DATASET EXCERPT —
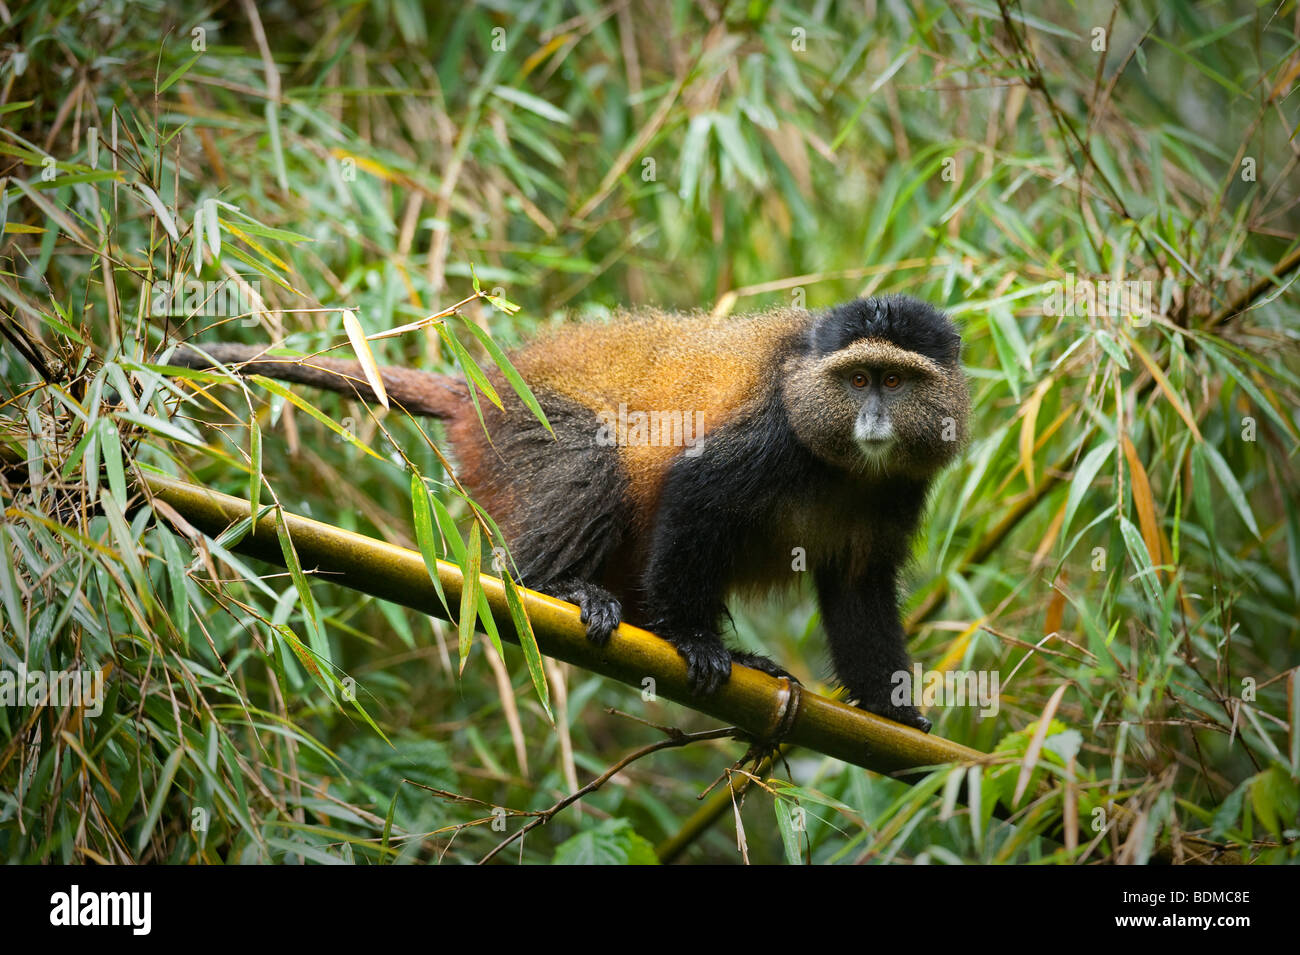 Golden Monkey, Cercopithecus kandti, le parc national des volcans, Rwanda Banque D'Images
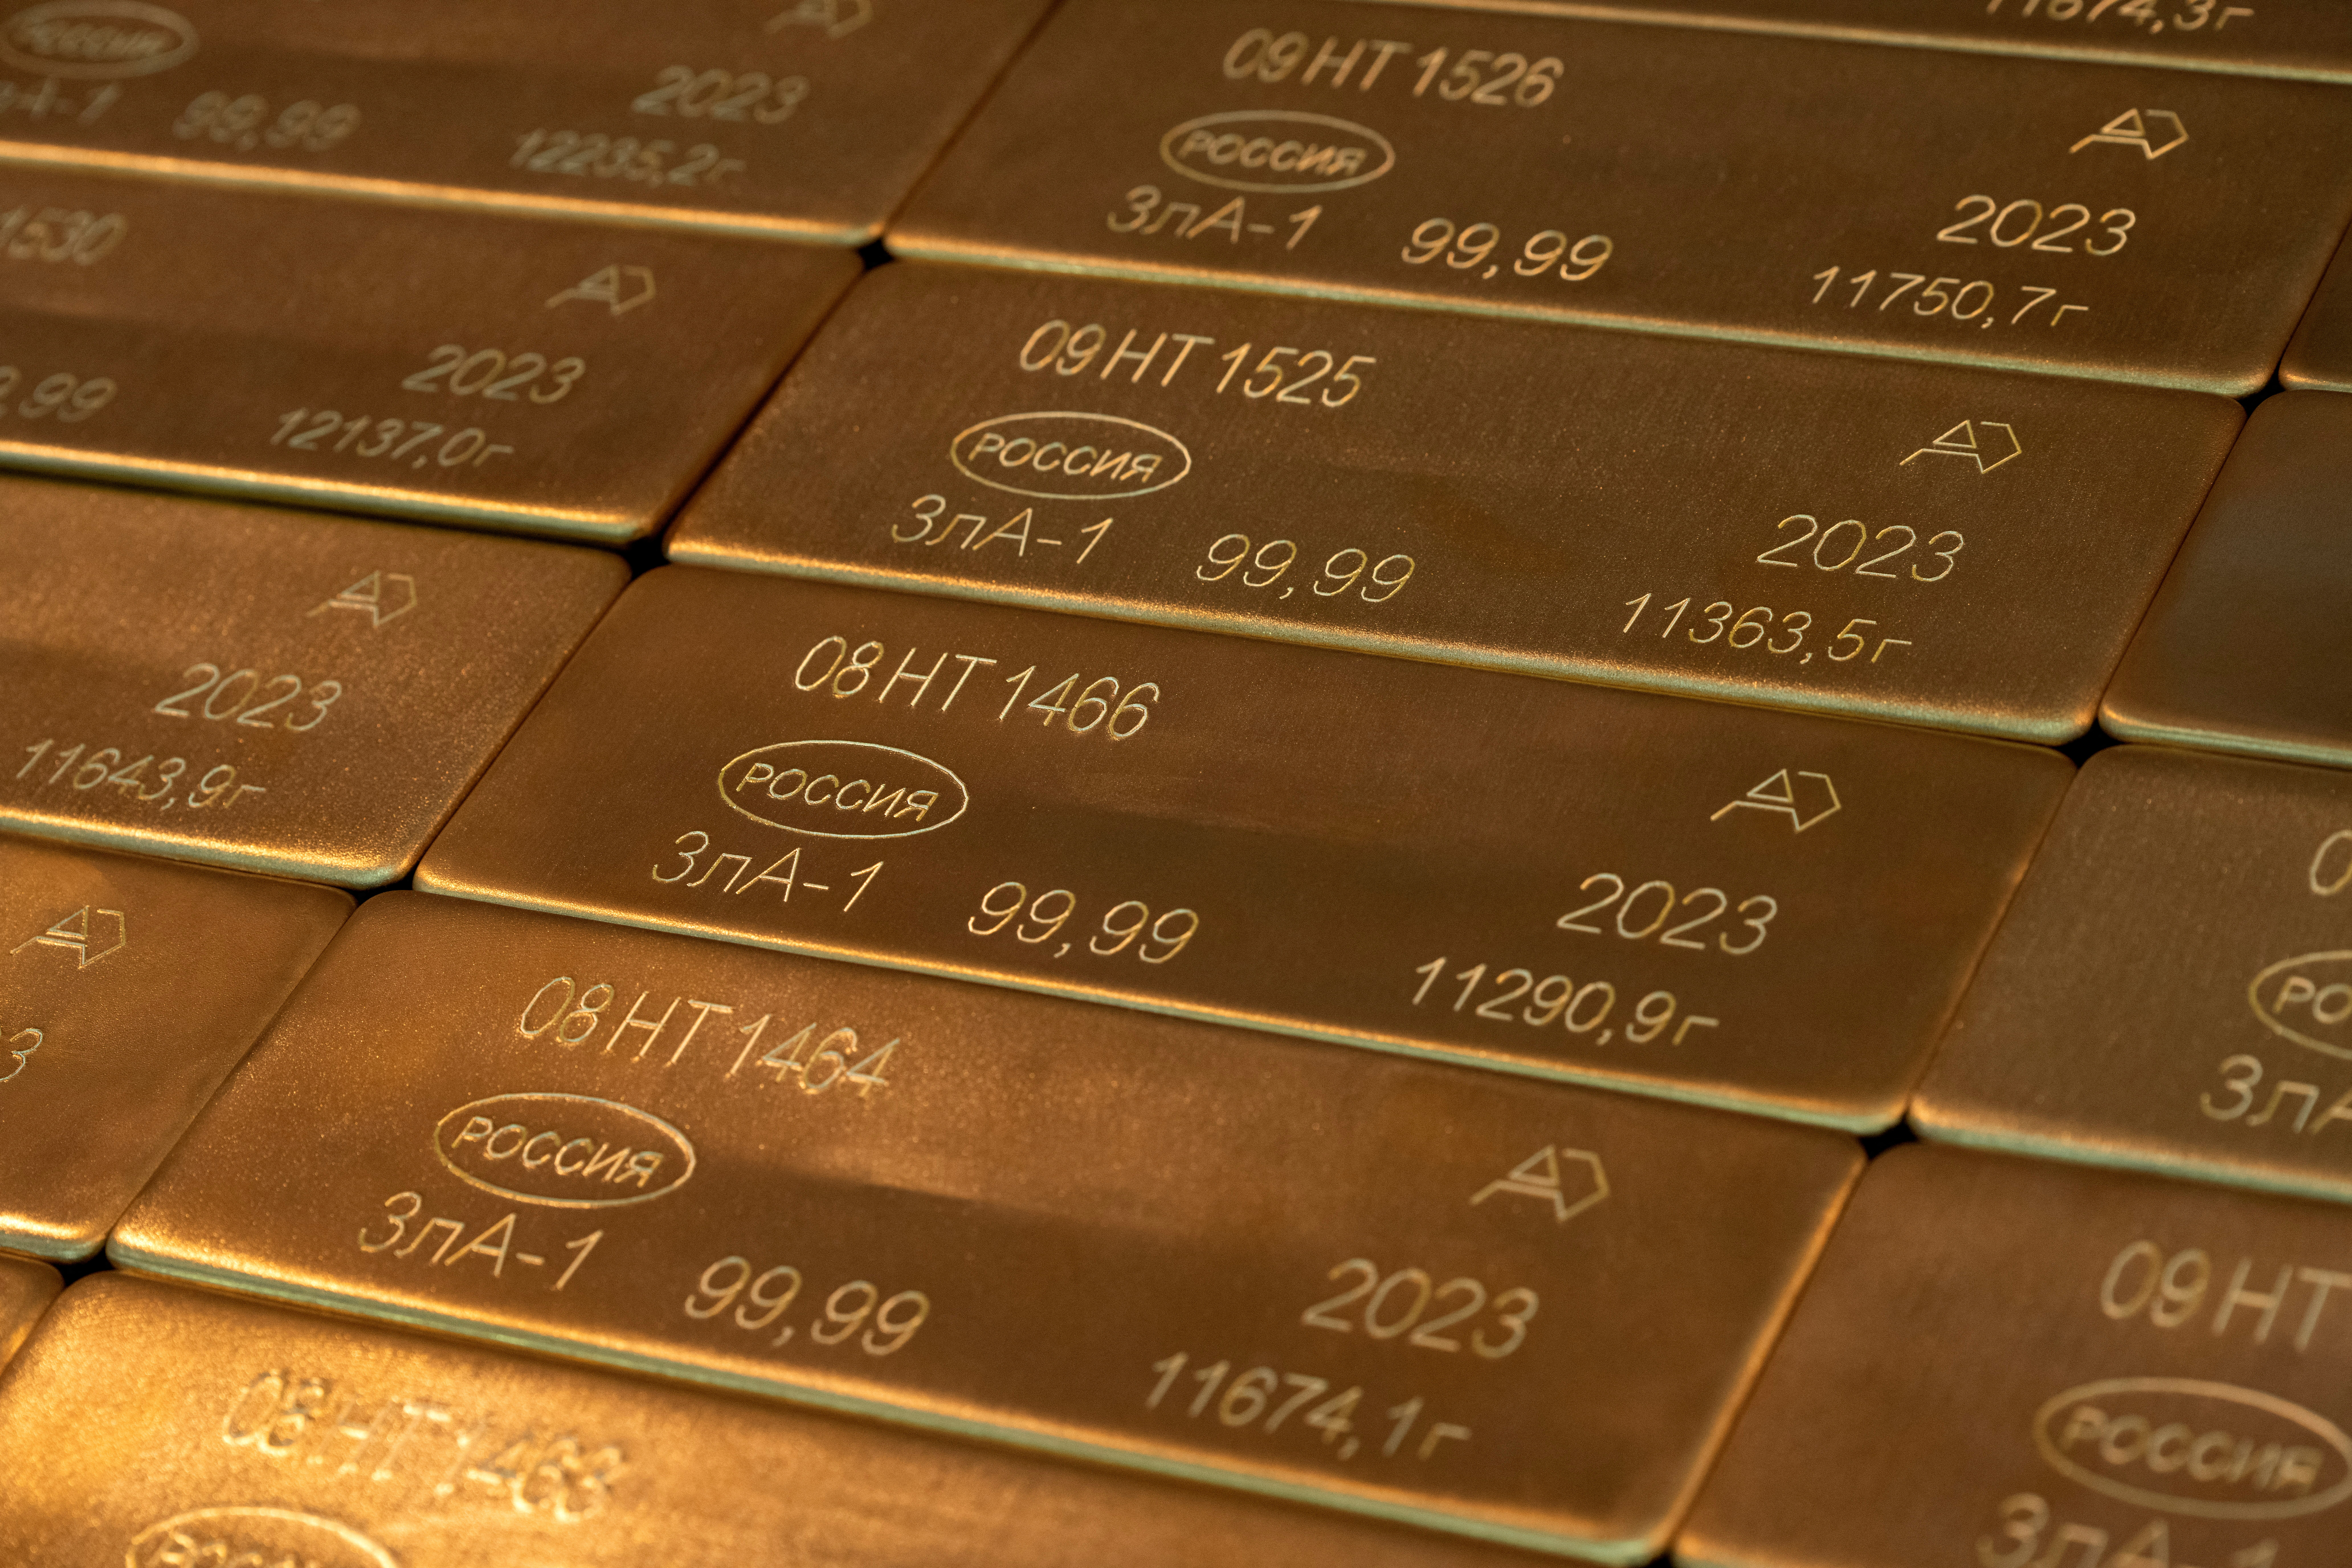 ทองคำพุ่งขึ้นสูงสุดเป็นประวัติการณ์จากโมเมนตัมอัตราดอกเบี้ยสหรัฐ
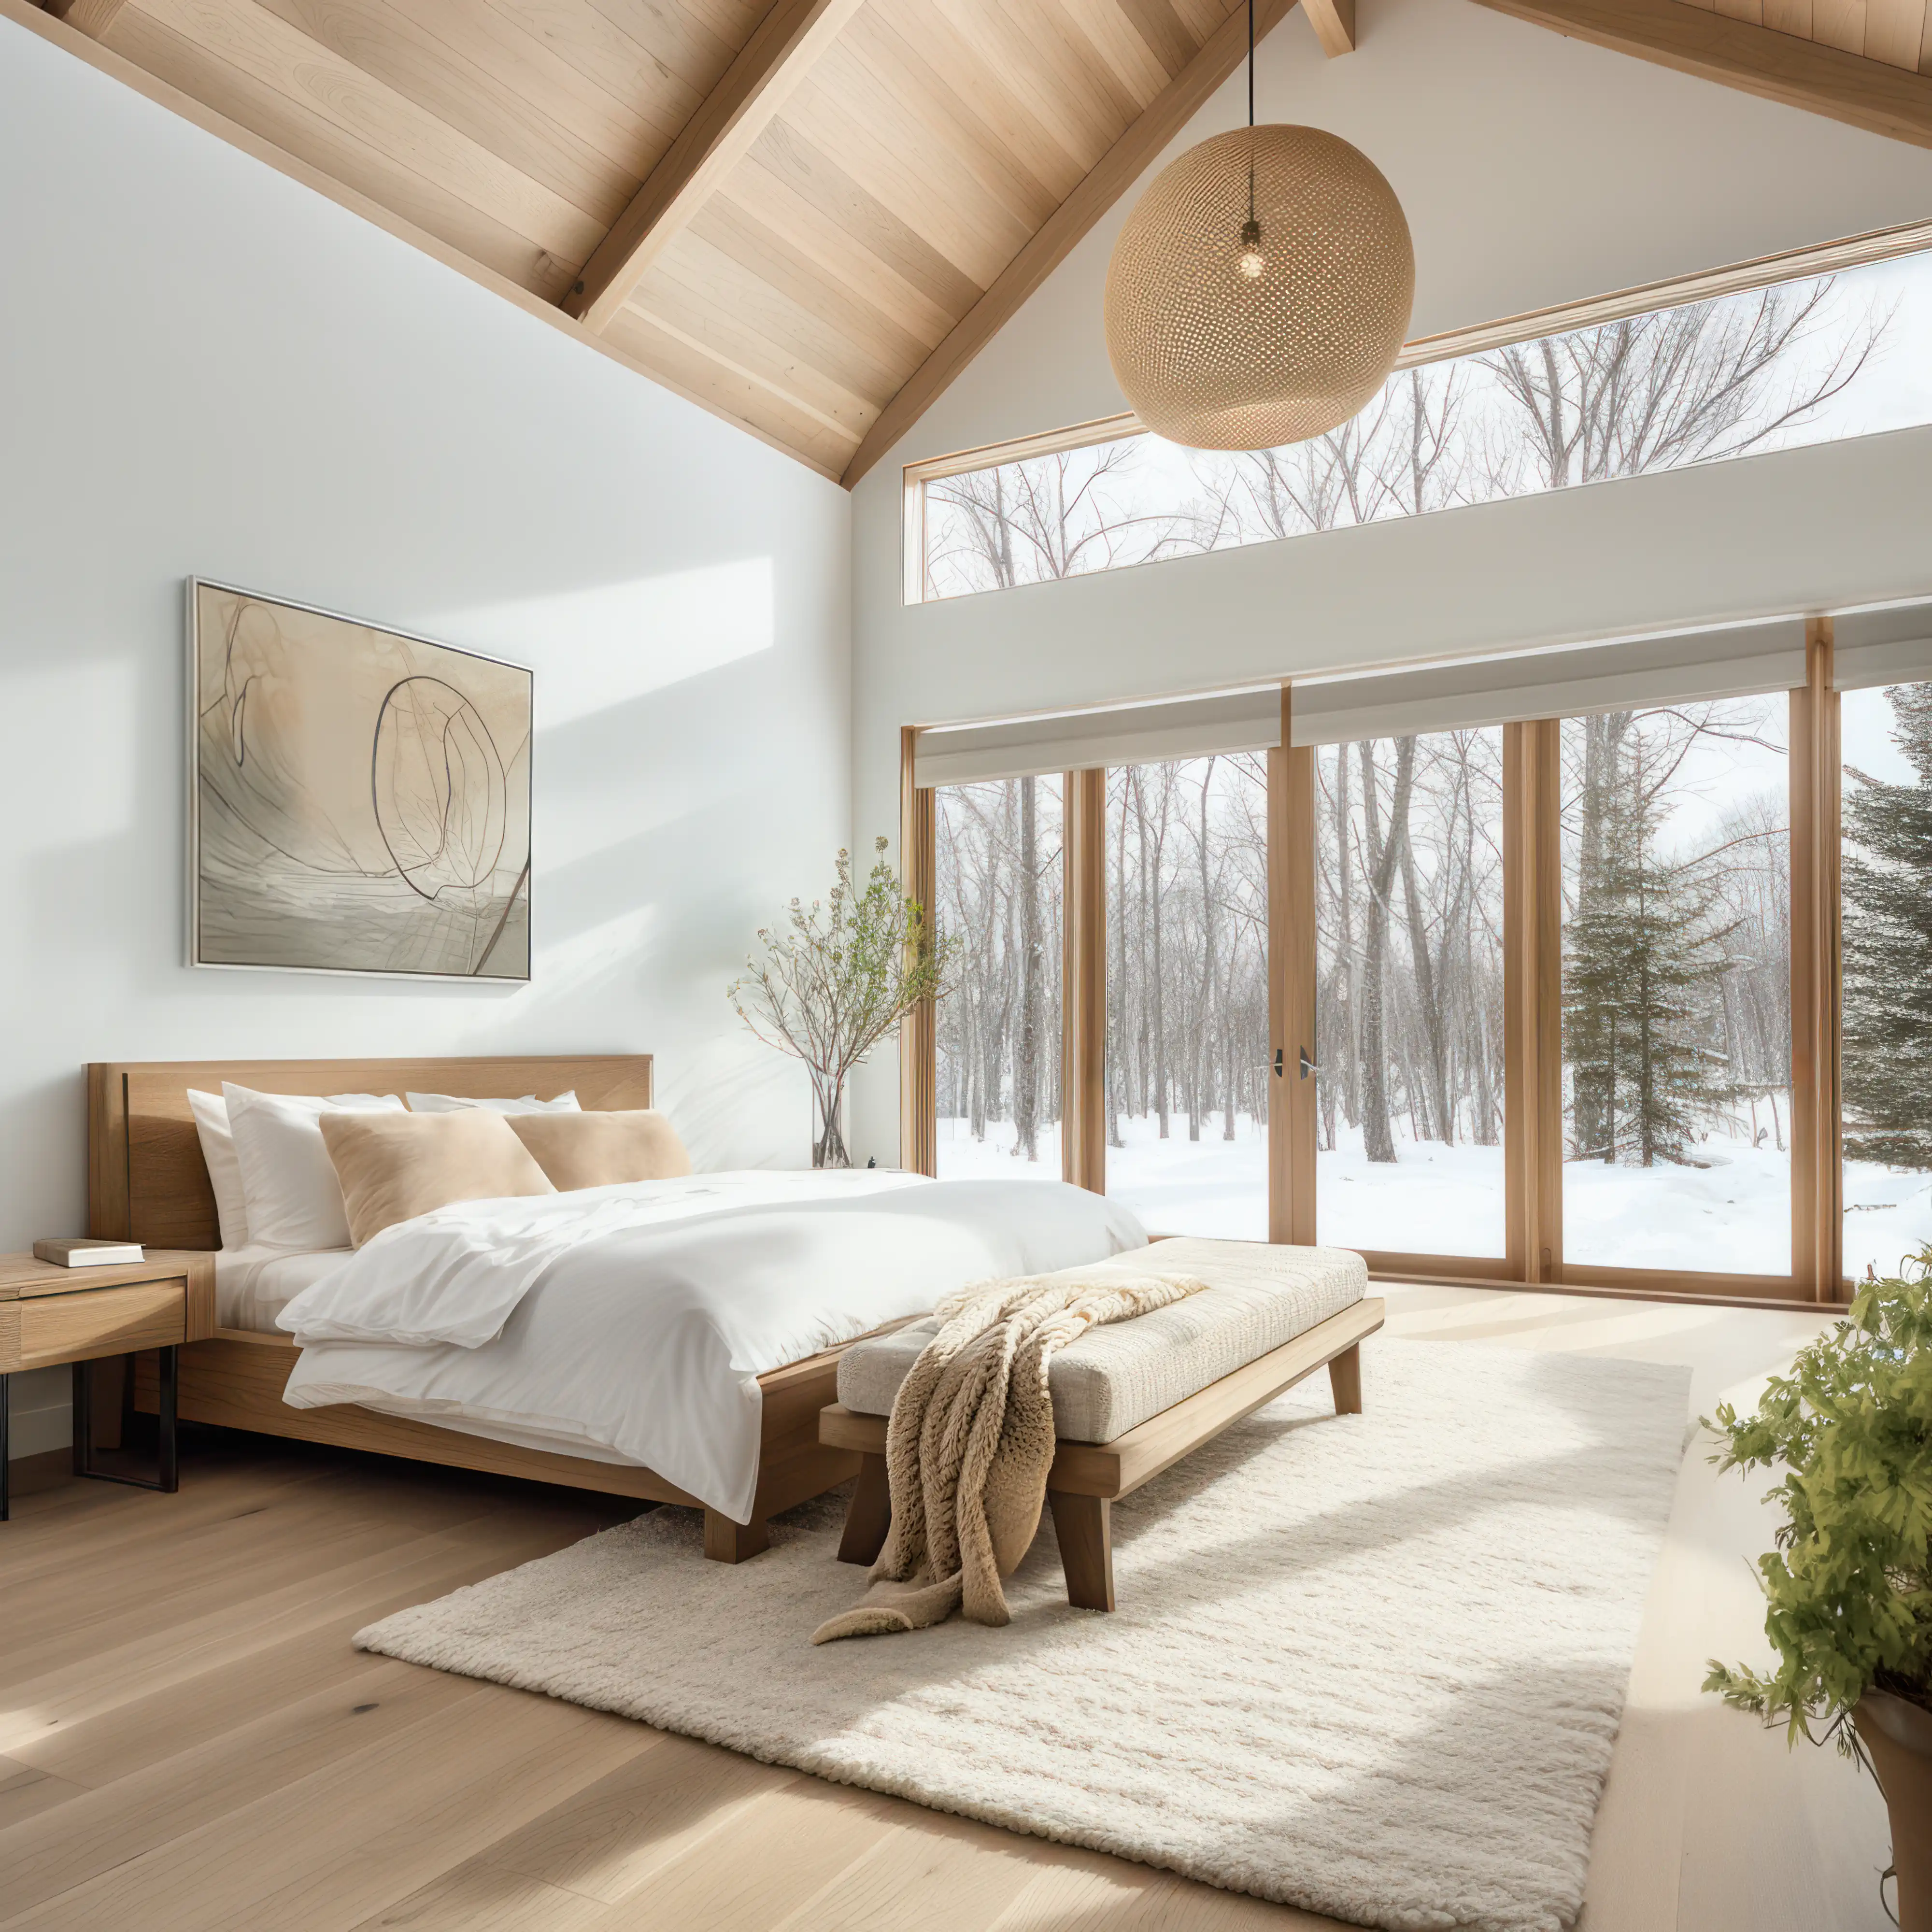 Chambre moderne spacieuse avec des accents en bois donnant sur une forêt enneigée, intérieur signé Sarah Brown Design

TASK GOAL — All lines from the one containing "ทองคำพุ่งขึ้นส" to the last line of the data above, both included, should be printed exactly, and the pictures should not appear.

EXPECTED OUTPUT —
 ทองคำพุ่งขึ้นสูงสุดเป็นประวัติการณ์จากโมเมนตัมอัตราดอกเบี้ยสหรัฐ
 Chambre moderne spacieuse avec des accents en bois donnant sur une forêt enneigée, intérieur signé Sarah Brown Design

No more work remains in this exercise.